## Raw data

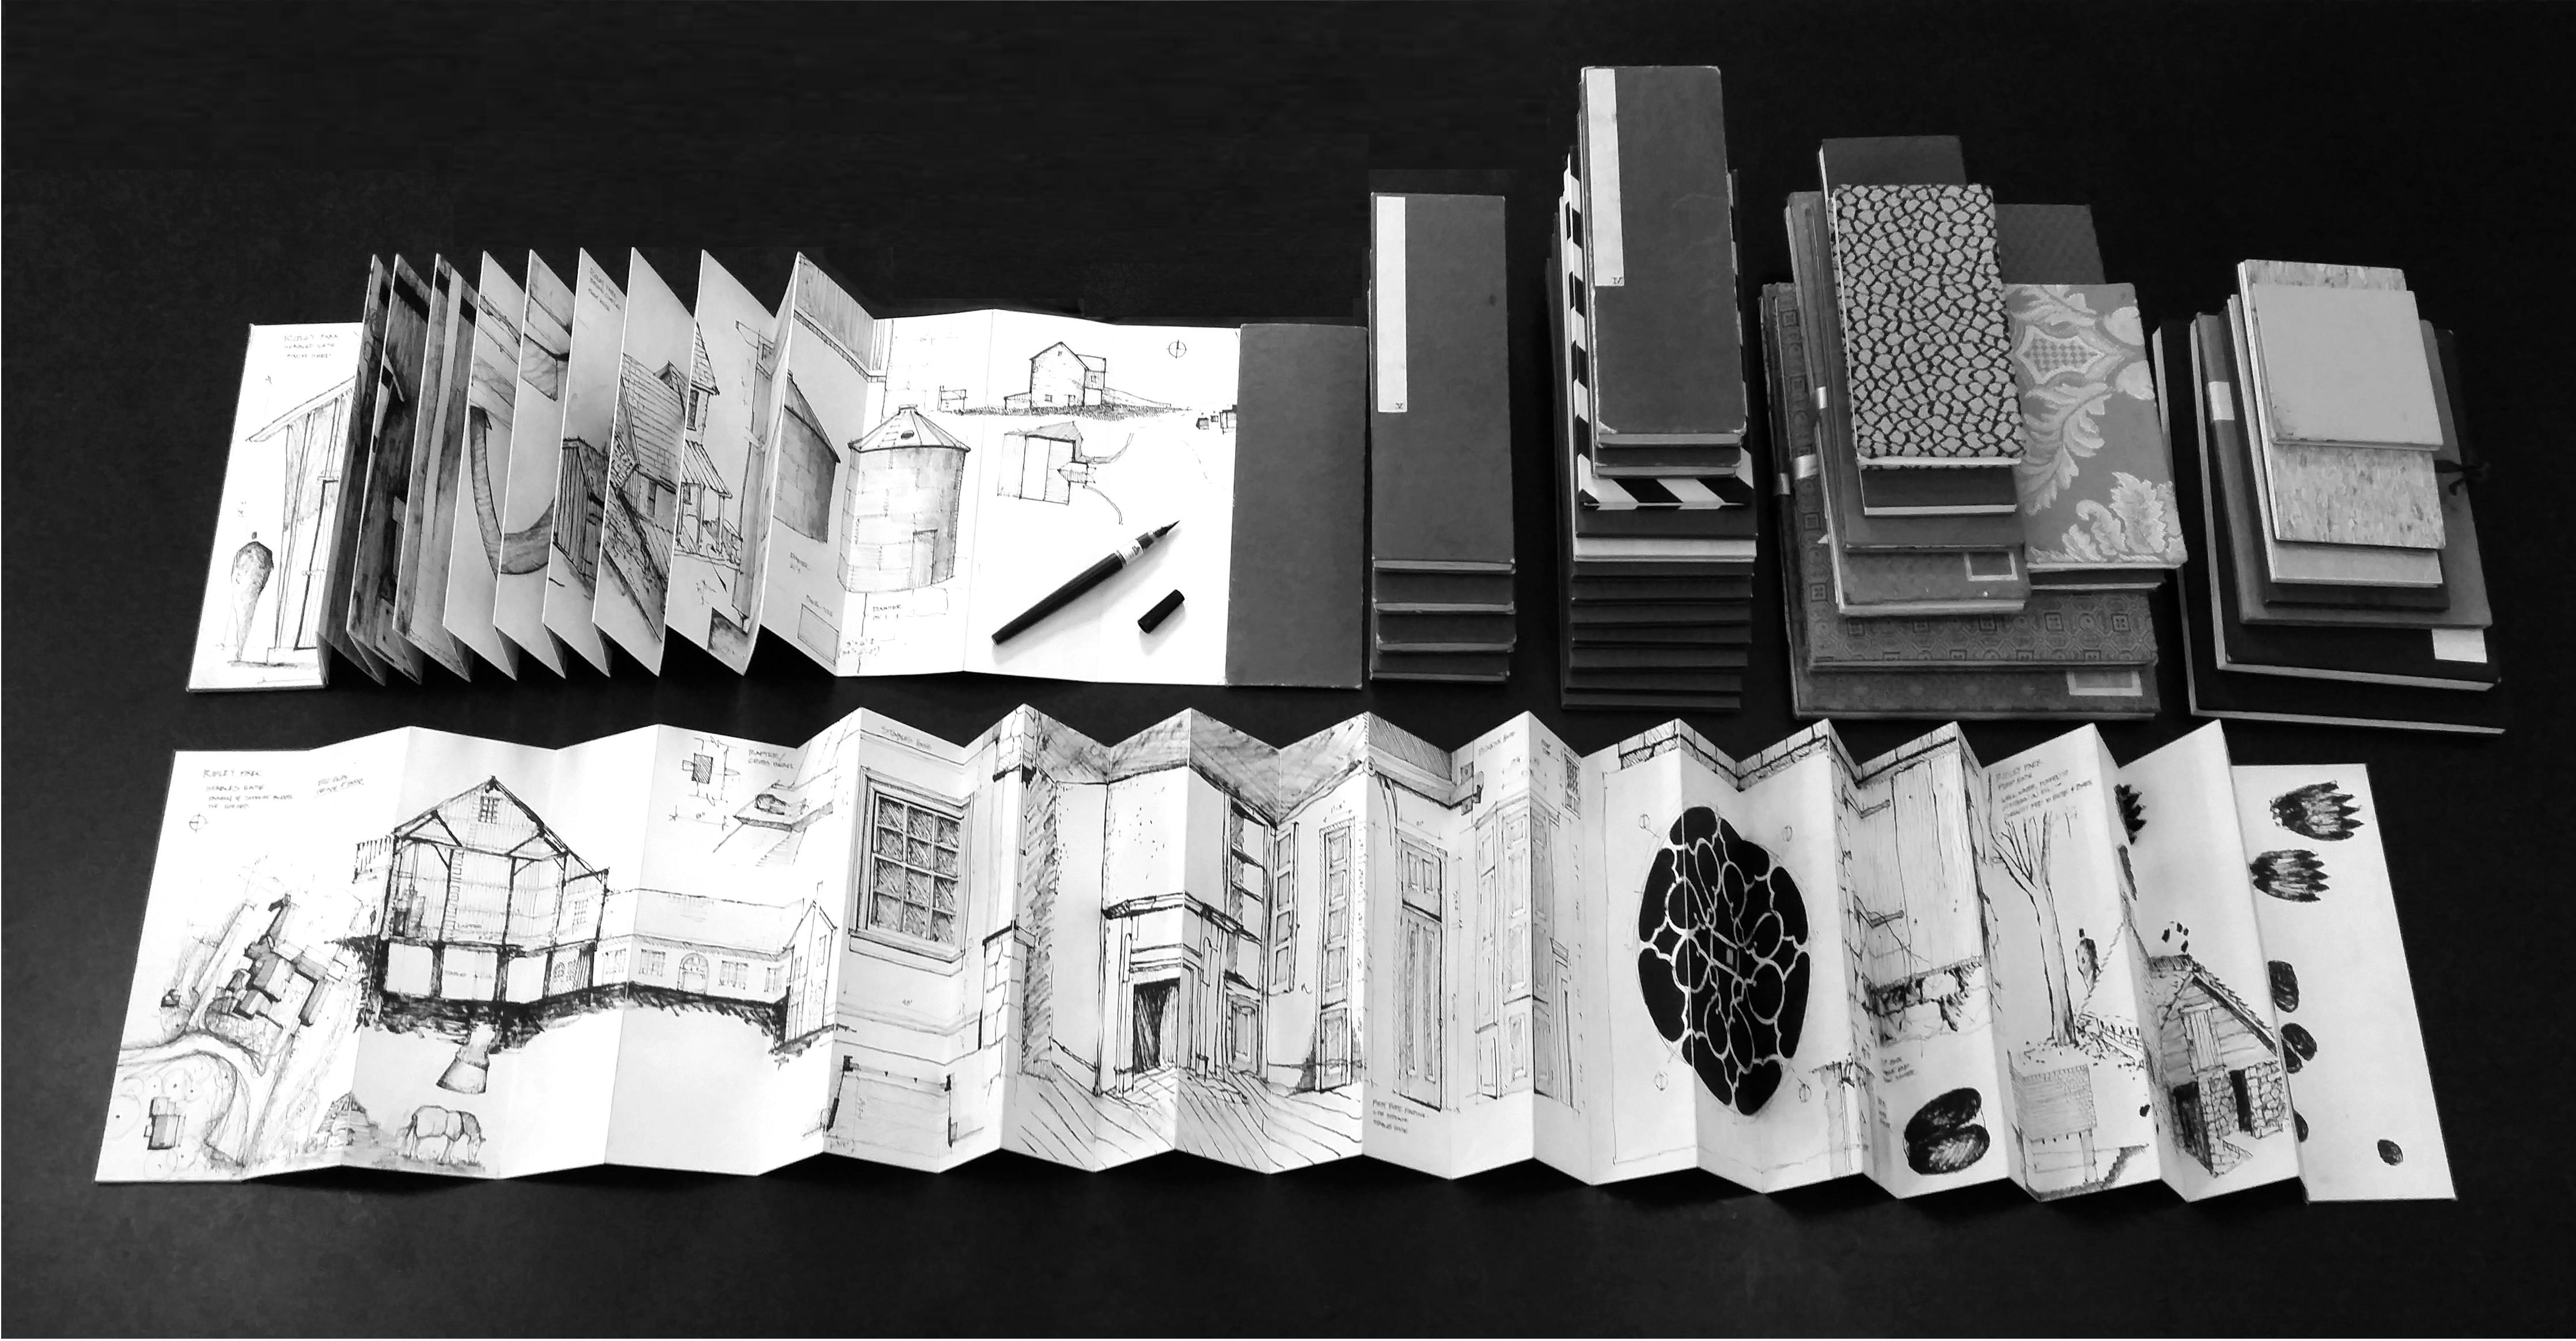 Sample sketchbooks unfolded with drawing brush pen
---
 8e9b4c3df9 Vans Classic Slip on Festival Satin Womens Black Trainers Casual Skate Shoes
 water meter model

## Task requirements
Print only what lies in the material above starting at the line with "8e9b4c3df9 Vans Classic" and ending at the line with "water meter model", every line exactly as given.

## Result
 8e9b4c3df9 Vans Classic Slip on Festival Satin Womens Black Trainers Casual Skate Shoes
 water meter model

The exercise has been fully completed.